Return exactly the lines of the records below, starting at the line that contains "Sun Throw Pillow" and ending at the line that contains "#art #mural #graffiti", with both of those lines kept.

* **Data extracts**
____________
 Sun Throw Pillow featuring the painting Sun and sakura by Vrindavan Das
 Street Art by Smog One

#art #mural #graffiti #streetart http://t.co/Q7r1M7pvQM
____________
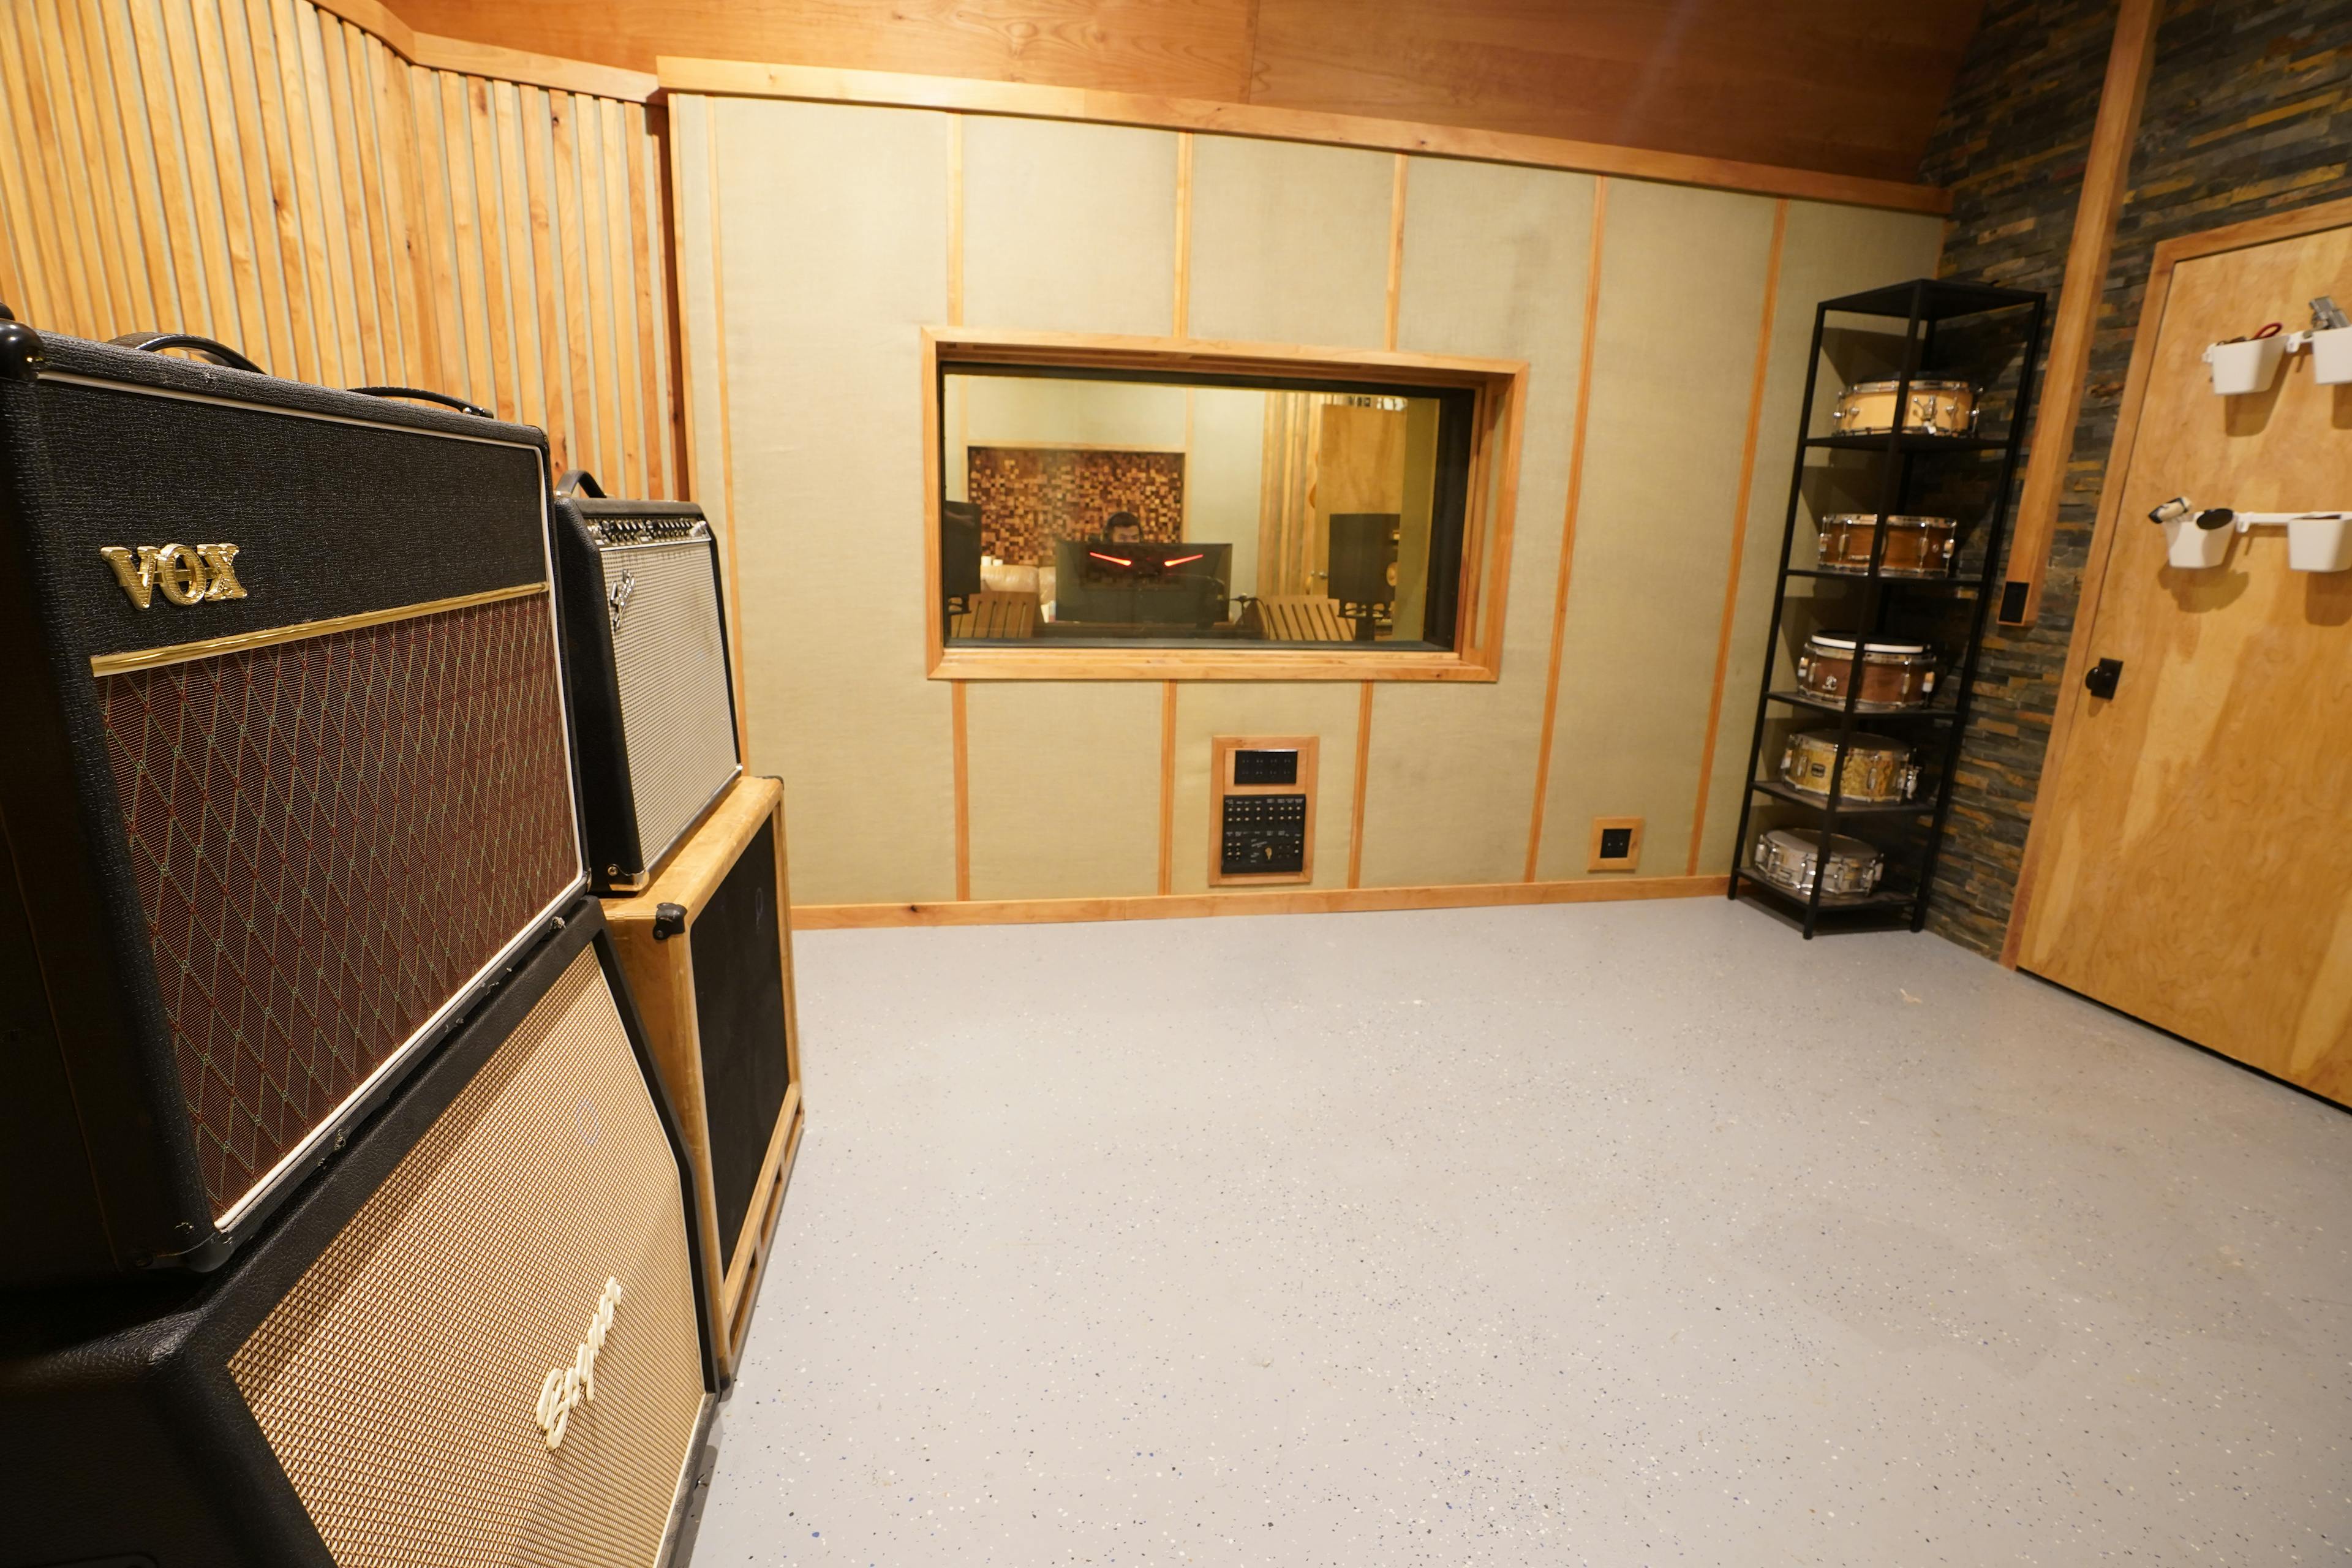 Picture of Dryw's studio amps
____________
* **Final answer**
 Sun Throw Pillow featuring the painting Sun and sakura by Vrindavan Das
 Street Art by Smog One

#art #mural #graffiti #streetart http://t.co/Q7r1M7pvQM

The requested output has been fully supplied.